* [Input data]:
________________

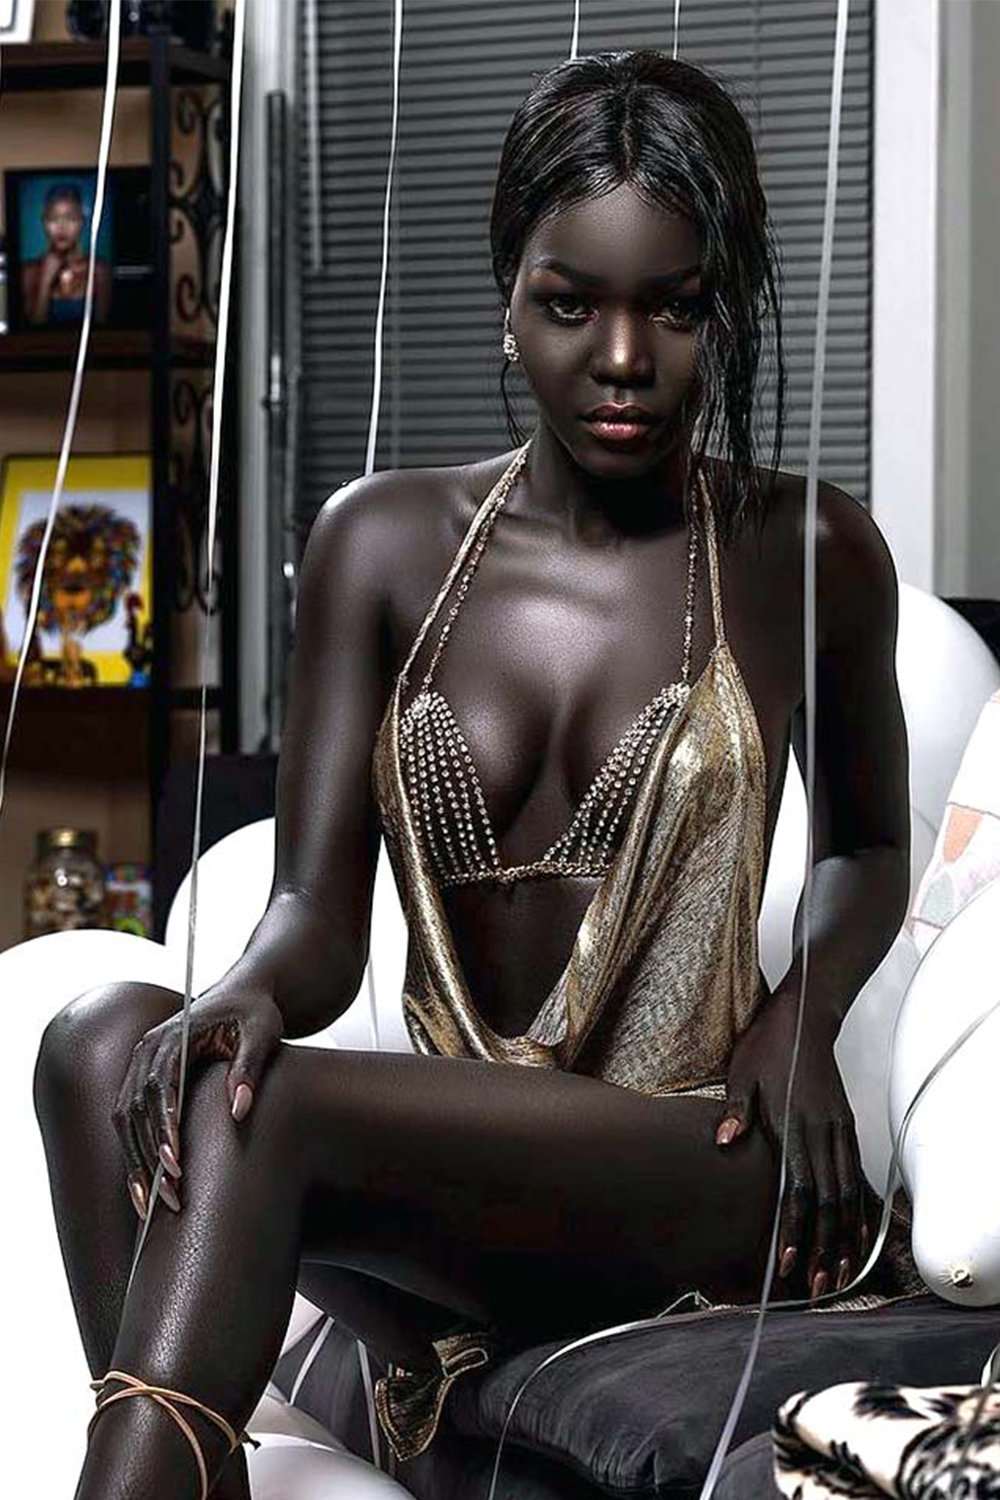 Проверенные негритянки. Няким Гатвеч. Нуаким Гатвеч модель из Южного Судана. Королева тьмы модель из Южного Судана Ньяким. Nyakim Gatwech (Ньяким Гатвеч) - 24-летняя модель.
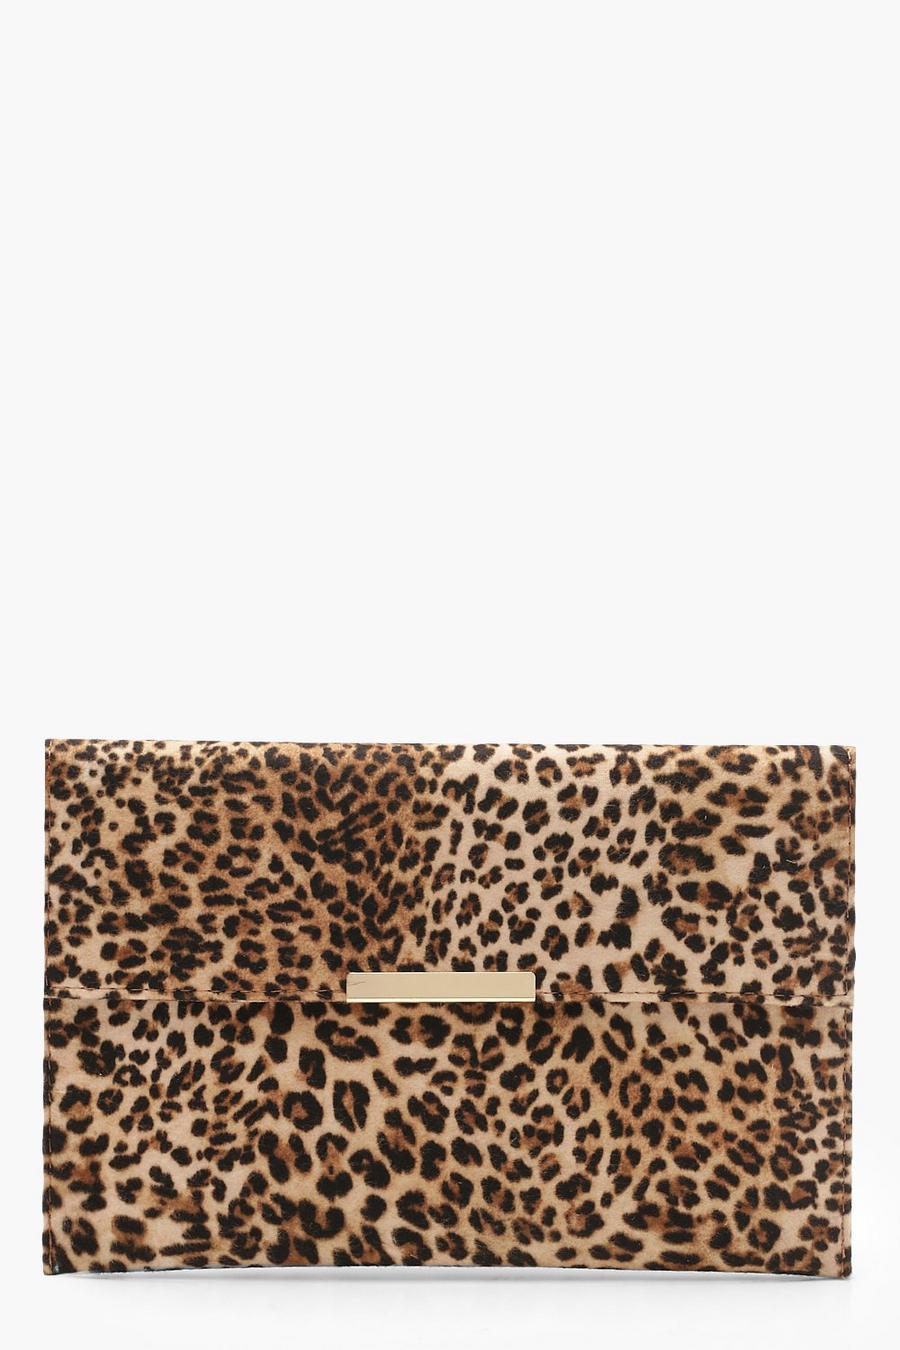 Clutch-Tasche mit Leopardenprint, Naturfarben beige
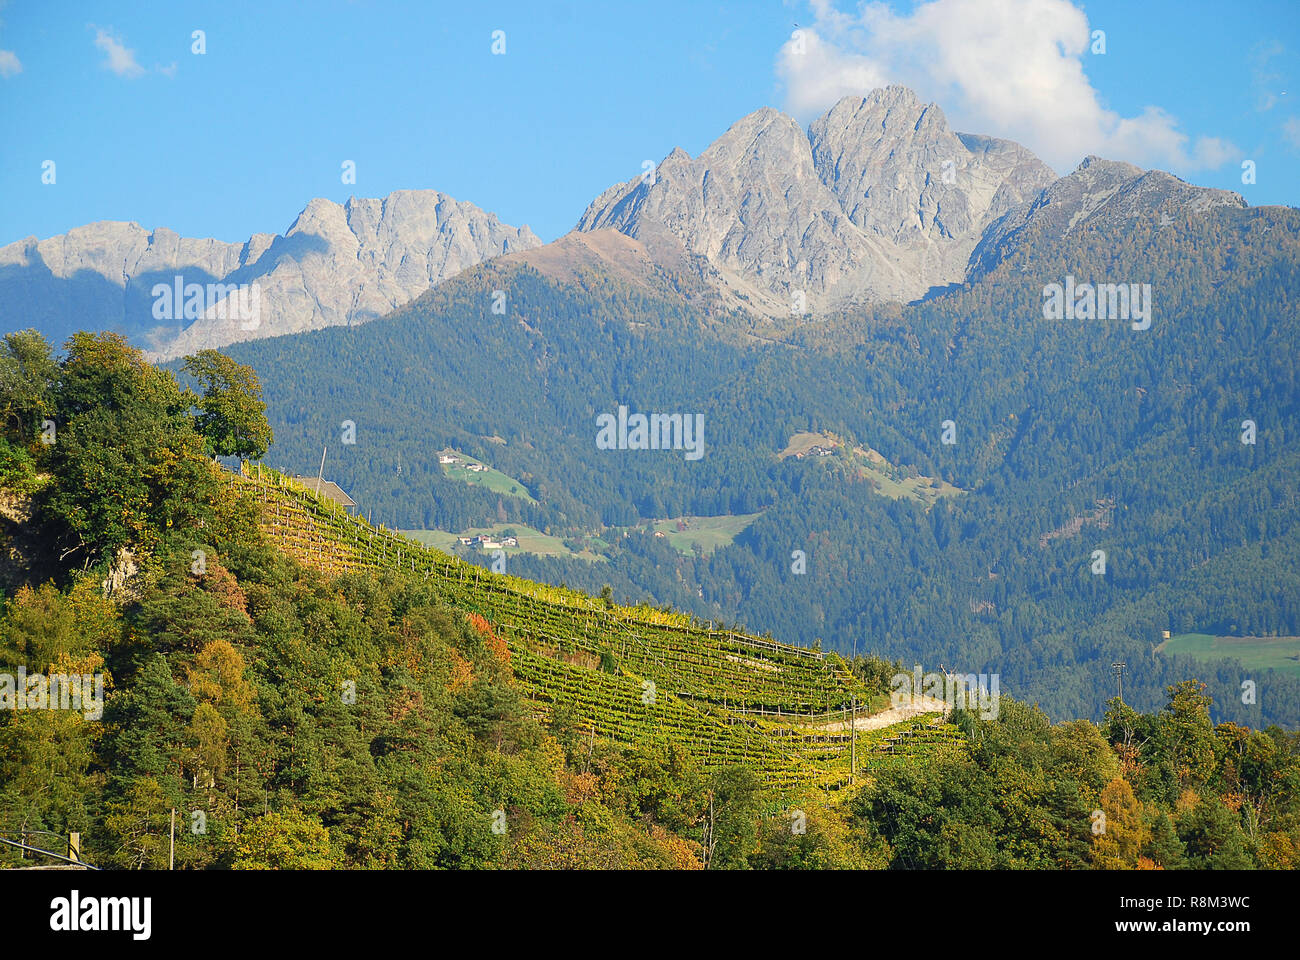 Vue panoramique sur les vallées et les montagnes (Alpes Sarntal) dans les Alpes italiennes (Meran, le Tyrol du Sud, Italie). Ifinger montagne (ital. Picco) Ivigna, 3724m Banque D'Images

________________

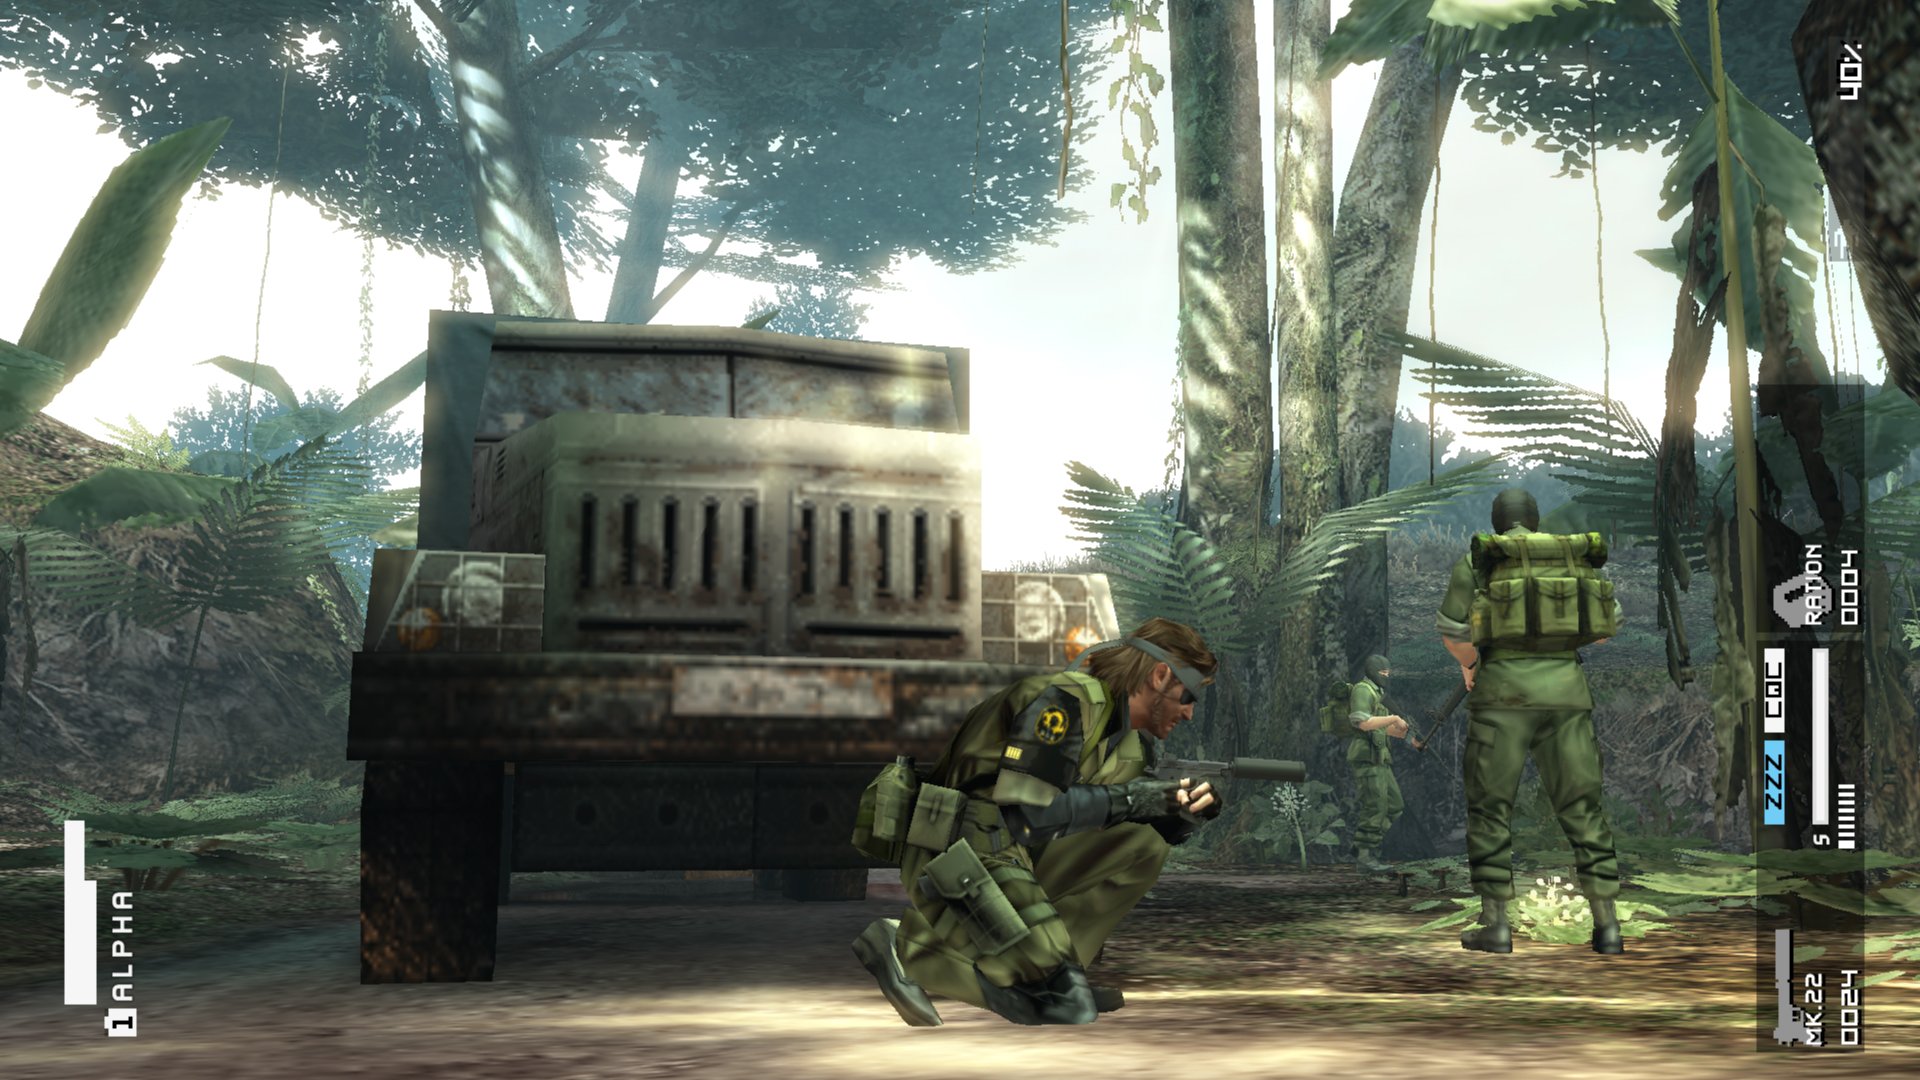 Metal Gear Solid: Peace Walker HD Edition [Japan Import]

________________

Using the records above, print exactly the lines between the ones containing "Проверенные негритянки. Няким" and "Clutch-Tasche mit Leopardenprint, Naturfarben", inclusive, and nothing else; no pictures.

 Проверенные негритянки. Няким Гатвеч. Нуаким Гатвеч модель из Южного Судана. Королева тьмы модель из Южного Судана Ньяким. Nyakim Gatwech (Ньяким Гатвеч) - 24-летняя модель.
 Clutch-Tasche mit Leopardenprint, Naturfarben beige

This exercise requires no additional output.